Joyce sent the final manuscript of my book – Forgetting the Former Things: Brain Injury’s Invitation to Vulnerability and Faith to Wipf and Stock publishers on June 1. At first, she was going to edit my work but as the days progressed, it became clear my brain injury challenges made this impossible.
I needed her organizational, integration and her concentration skills – all which are challenges for me. I wanted the book to be theological, not just biographical which meant I had to integrate theology into my story. She did this for me or I wouldn’t have been able to write it. I understood the integration but I was unable to do it alone. So the authorship is “Tamara Puffer with Joyce Hollyday.”
The reality that I could not write the book alone didn’t really hit me until she sent it off to the publisher. My mind flooded with thoughts such as, “I can’t even write a book by myself!” and “Other brain injury survivors have written books alone! What is wrong with me?”
My thoughts got darker and darker as they tend to do. I was falling off a cliff – which is how I describe my depression. I didn’t know how to stop falling and I ended up in darkness.
Last week my husband Michael and I went to Myrtle Beach. I asked him to go alone but he refused. I didn’t want to go but I forced myself because the beach is his healing place. I told him I would try my best not to bring him down but I couldn’t guarantee it.
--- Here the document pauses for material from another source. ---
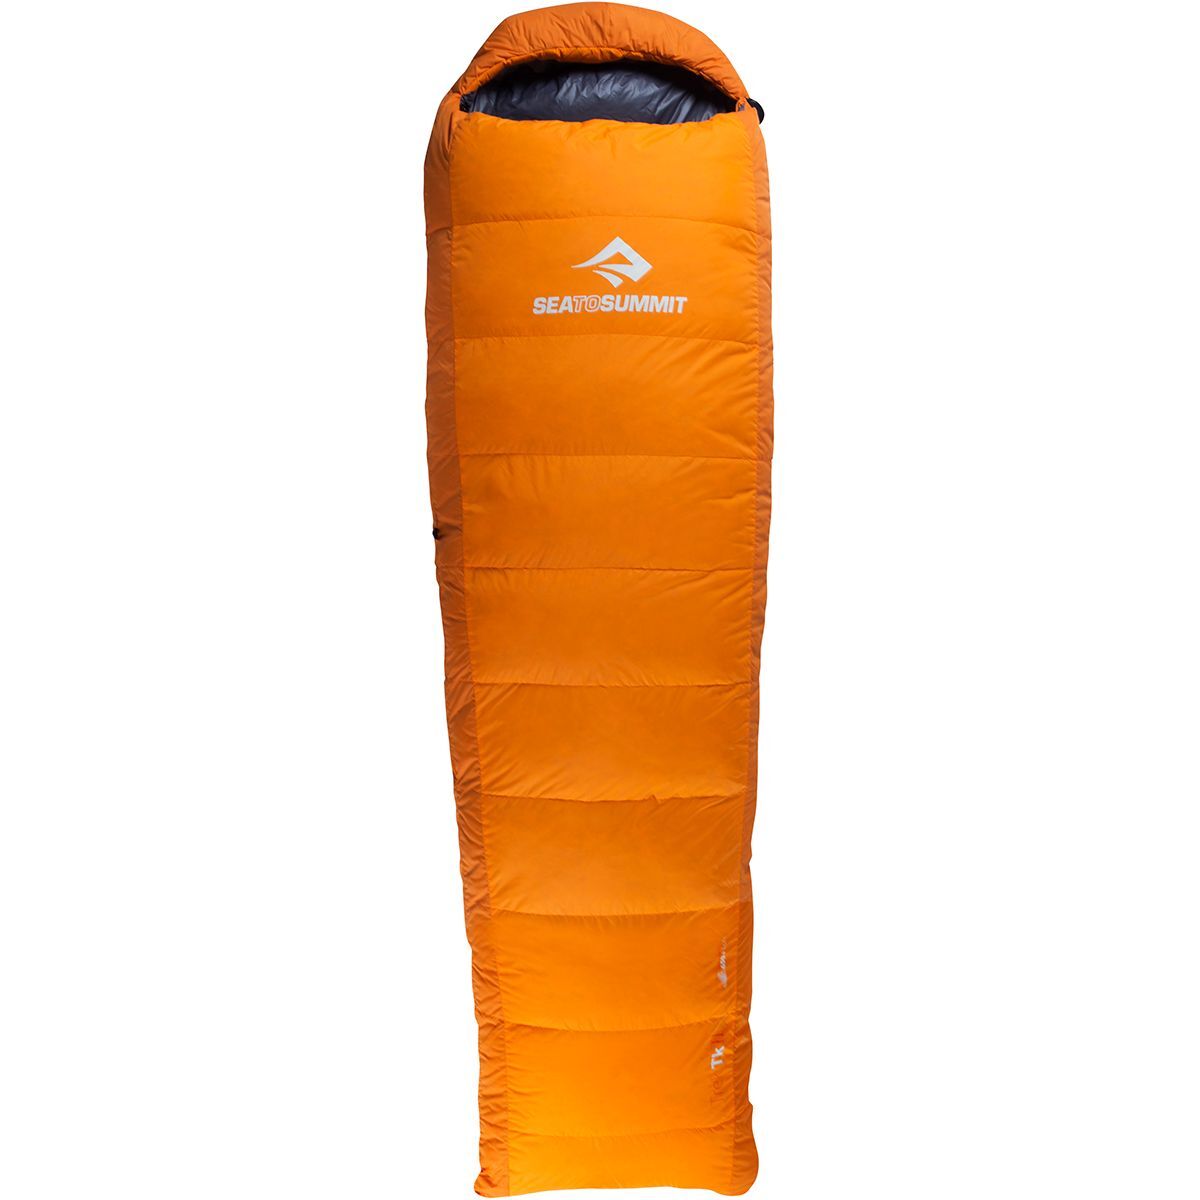 Travel Essentials - Sea to Summit Trek TkII Sleeping Bag- Light Weight--Down

The first couple of days I tried really hard to engage but it was difficult. I had trouble sleeping the first couple of nights and one day we went on a bit of a wild goose chase trying to find a certain park. When I couldn’t sleep I sat outside on the balcony overlooking the beach.
It was then that I remembered the sermon Joyce and I preached at Circle of Mercy several months ago. I spoke about needing Joyce’s help but that was okay. I said something like, All of us need help. I can be a minister of vulnerability now. This frees up others to be vulnerable as well.
The last couple of days there were totally different because I remembered what my call is now: Minister of Vulnerability.